On the other hand, drug repurposing strategies could be promising in the fight against COVID-19. Approved or licensed drugs, as previously assessed by studies that evaluated them in preclinical and clinical trials, show that these approaches could potentially reduce time and costs for making new therapies available . Considering this scenario and the possibility of novel outbreaks or pandemics, an approved drug may be also used to treat diseases caused by other coronaviruses or even future mutations of SARS-CoV-2 [26–28]. Different repurposing strategies and drug combinations have been proposed (e.g. remdesivir) but showed lack of inhibitory activity or inconclusive clinical results, as well as having to take the account of side effects, thus leaving a significant opportunity for the design and development of efficient drugs to face the challenges of SARS-CoV-2 and COVID-19 [29,30].
It is interesting to mention that in silico virtual screening approaches associated with structural and biophysical techniques can help the design of specific inhibitors to SARS-CoV-2, and significantly enhance the quality of compounds selected for in vitro and in vivo bioassays, increasing the success of drug discovery [31–34]. For instance, structure-based approaches have shown some successful outcomes in the past, for example, the design and discovery of boceprevir, an approved hepatitis C virus (HCV) protease inhibitor, as well as oseltamivir and zanamivir, both anti-influenza drugs .
In the past few months, several small molecules have been described as possible inhibitors of different molecular targets for SARS-CoV-2 . However, it is important to note that many of these studies are still in the initial in silico analyses, which only provide a preliminary theoretical view on the ligand–protein interactions and hence requiring experimental validation of the molecular targets .
Among the molecular targets of SARS-CoV-2, main protease or 3-chymotrypsin-like protease (Mpro/3CLpro/nsp5) , papain-like protease (PLpro/nsp3) , RNA-dependent RNA polymerase (RdRp/nsp12) , and helicase/NTPase (nsp13)  could be cited, which are highly conserved and essential to the viral cycle [36,41–45], as illustrated in Figure 2. Since the main viral protease is extensively studied for the design of new drug candidates to treat coronaviruses diseases, and most of the studies identified this enzyme as a valid target for broad spectrum inhibitors, we will next focus on the discussion of this macromolecule in more details [33,46,47].
Interventions of computational approaches on to the design and discovery of potential inhibitors against molecular targets involved in the SARS-CoV-2 viral cycle
Computer-aided drug design strategies as useful tools against SARS-CoV-2 macromolecules: targeting Mpro
Computer-Aided Drug Design (CADD) involves widely employed computational approaches to discover and/or design new bioactive compounds. As examples of CADD techniques we can cite molecular docking, molecular dynamics (MD) simulations, pharmacophore modeling, similarity analysis, quantitative structure–activity relationship (QSAR) analysis, and machine learning (ML) techniques [48–51] that will be discussed later.

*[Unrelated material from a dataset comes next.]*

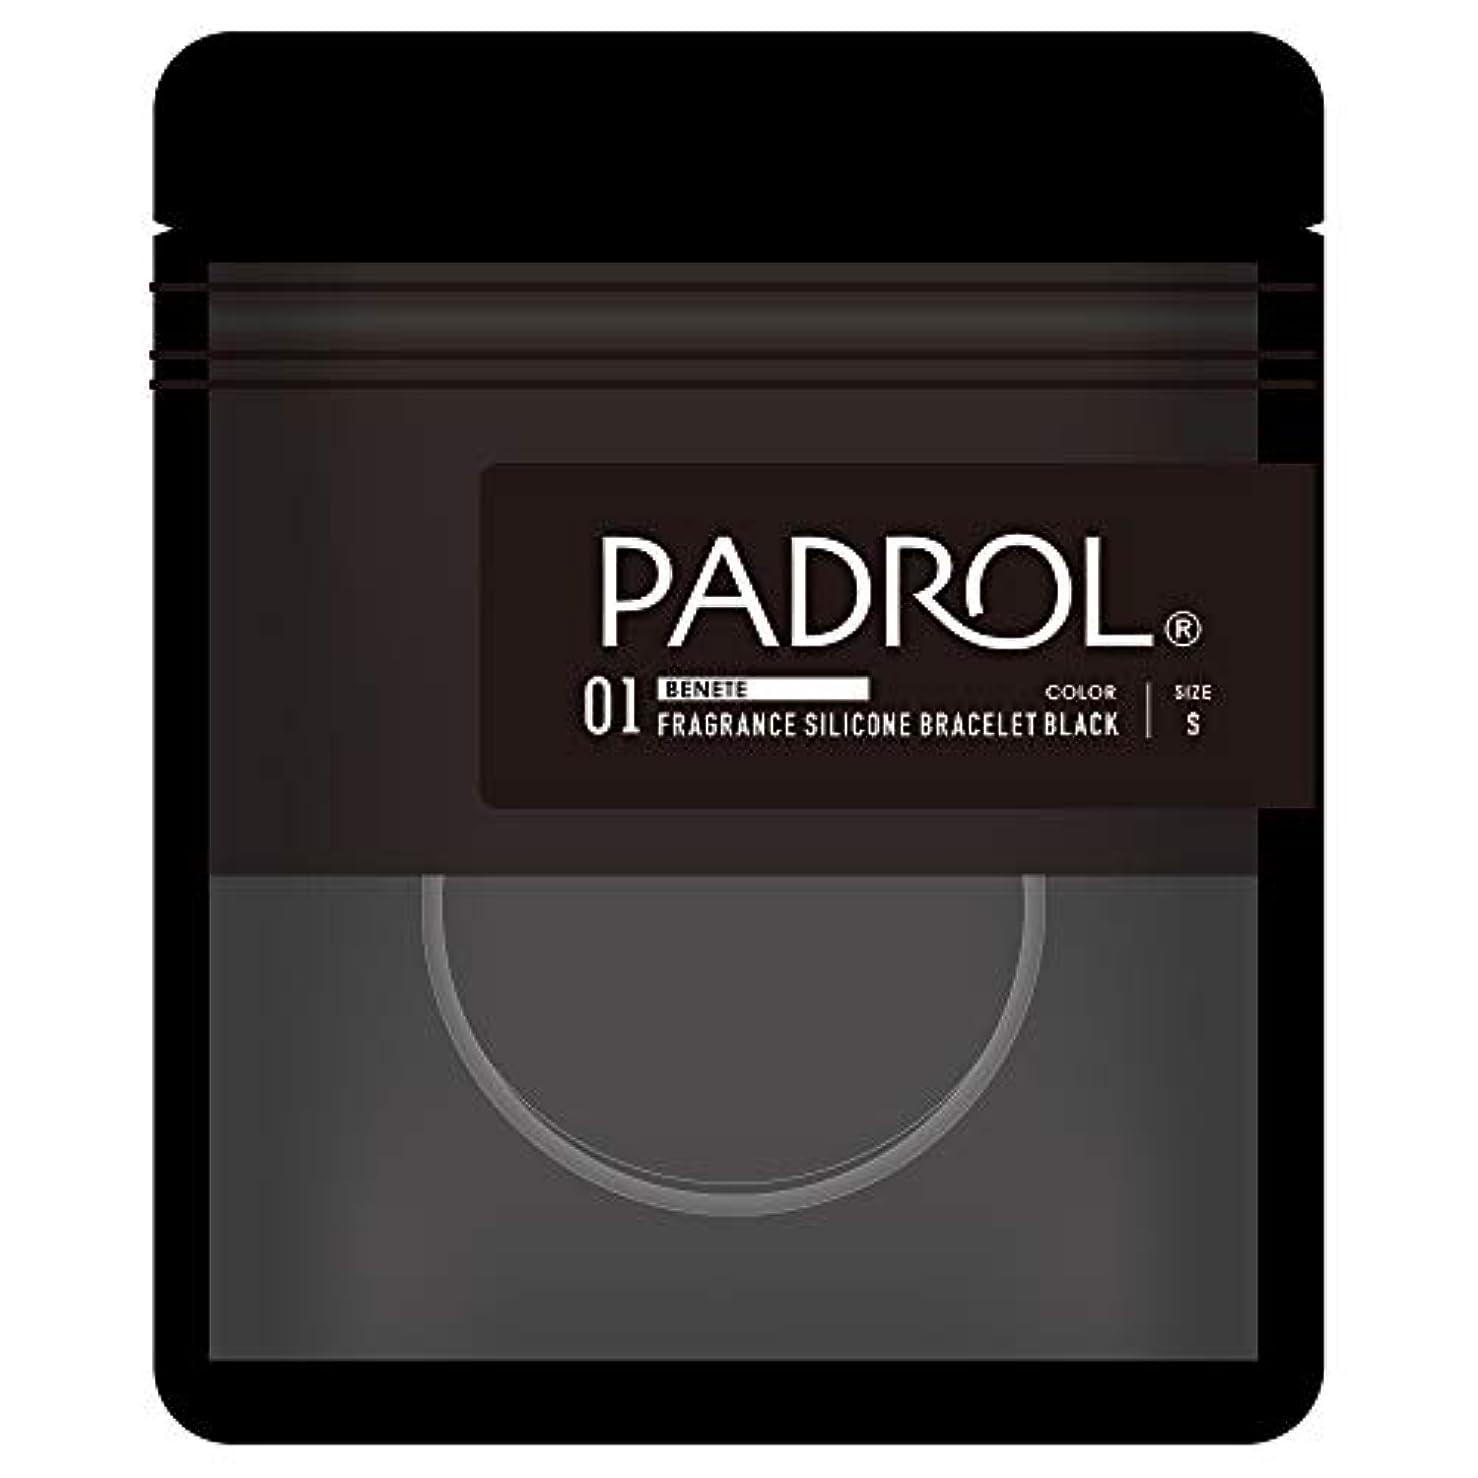 サーキットに行くボイラー魅惑的なPADROL フレグランス ブレスレット ホワイトムスクの香り シリコン Sサイズ ブラック PAD-13-03

Some recent studies have shown the feasibility of employing in silico methods such as molecular docking and MD simulations to perform virtual screening of molecules against the SARS-CoV-2 macromolecules and, consequently, obtaining potential repositioning drugs and selective inhibitors of these enzymes [52–54]. Figure 3 summarizes the molecular structures of the potential inhibitors and drug candidates discussed in this review.

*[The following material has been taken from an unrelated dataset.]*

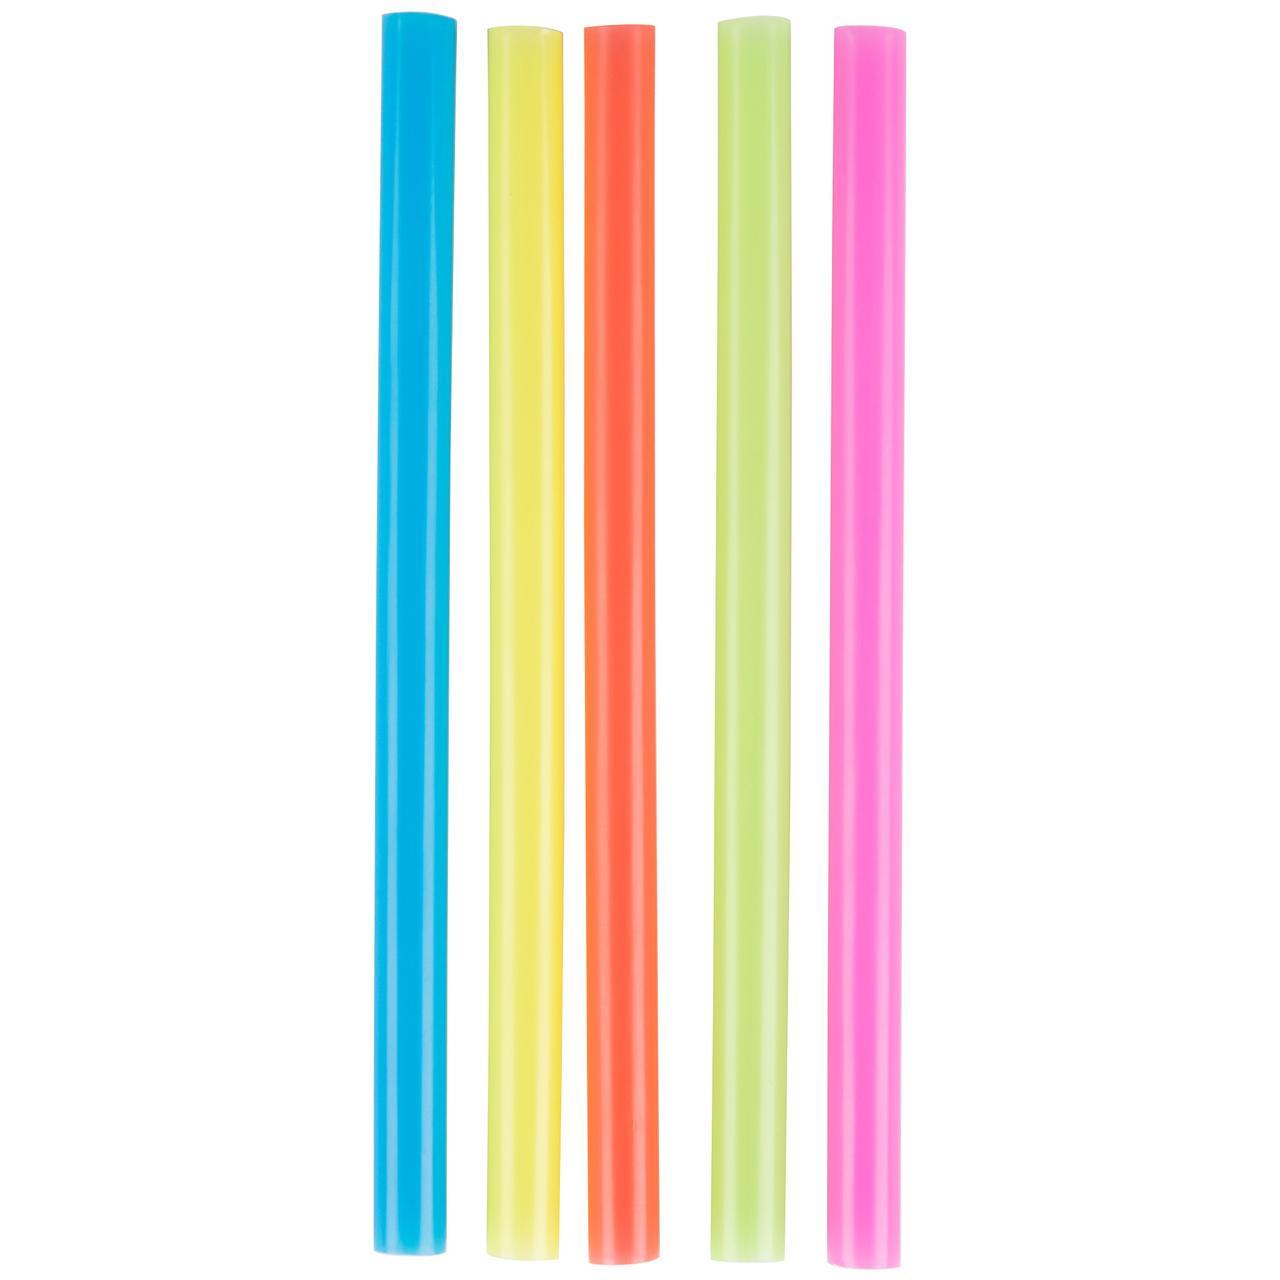 Соломка трубочка толстая цветная Фреш MAXI для коктейлей напитков 25 см d=7 мм 500 шт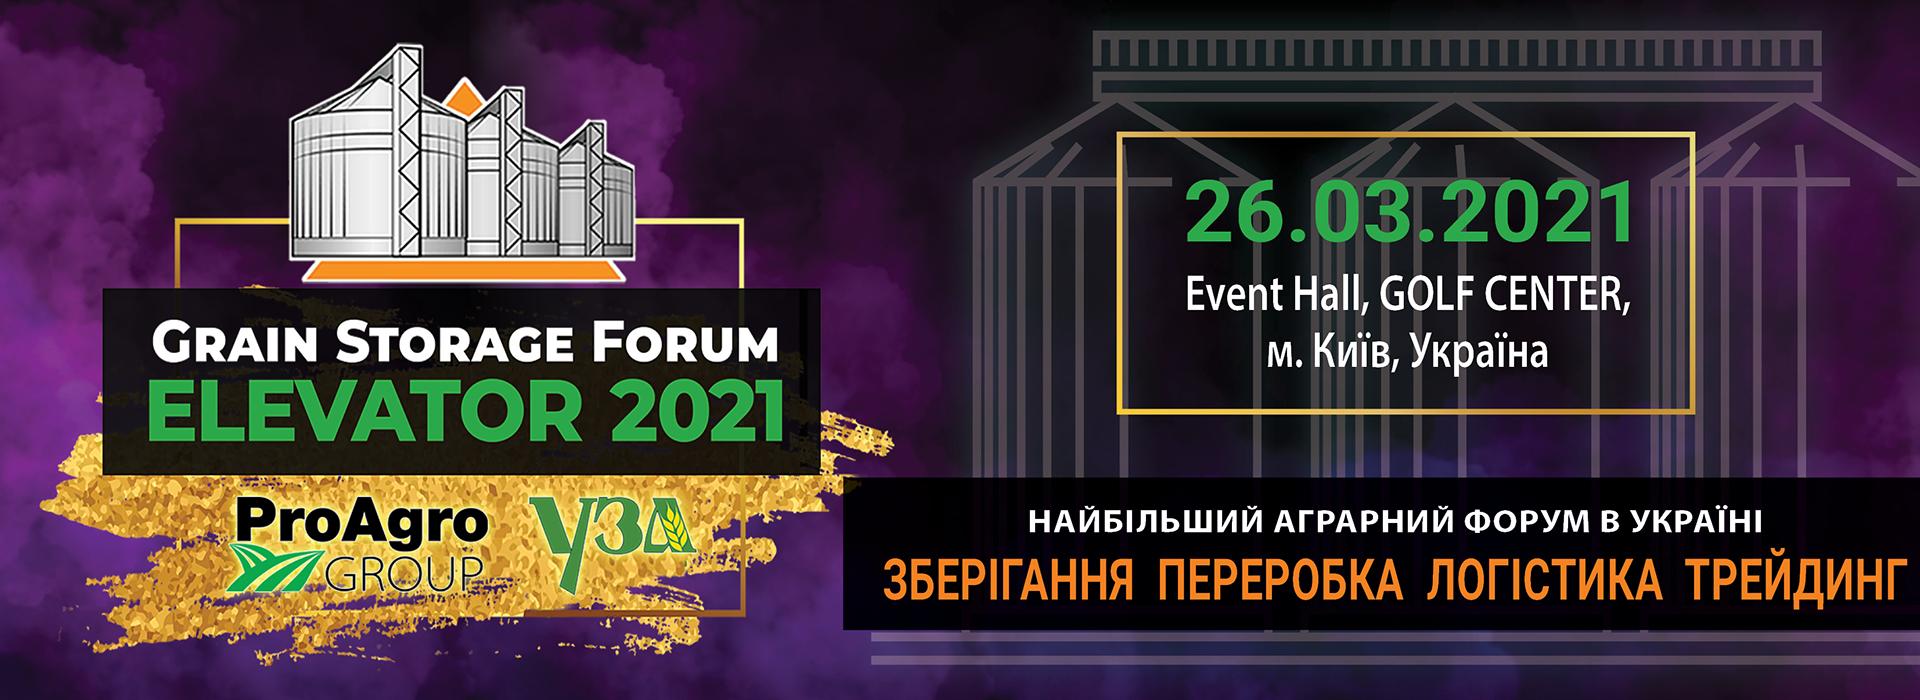 """Grain Storage Forum """"ELEVATOR"""""""

Two-dimensional (2D) chemical structures of the potential inhibitors and drug candidates presented in the present study, along with the respective references
Mpro (nsp5) is one of the most attractive viral targets for the antiviral drug discovery against SARS-CoV-2, since it plays a key role in the viral transcription and replication, and no human proteases are known with the same substrate specificity [37,46,47,55]. Furthermore, the substrate-binding pocket of this enzyme is highly conserved among all coronaviruses, suggesting that an antiviral drug targeting this active site may be effective against a broader spectrum of these viruses [37,56,57]. Nonetheless, mutations leading to changes in some amino acid residues of Mpro may provide probable drug resistance phenotypes, in particular considering the enzyme loop and the possibility of a protein folding . In addition, protease resistance was also observed to MERS-CoV and other viruses, such as the human immunodeficiency virus (HIV) and HCV .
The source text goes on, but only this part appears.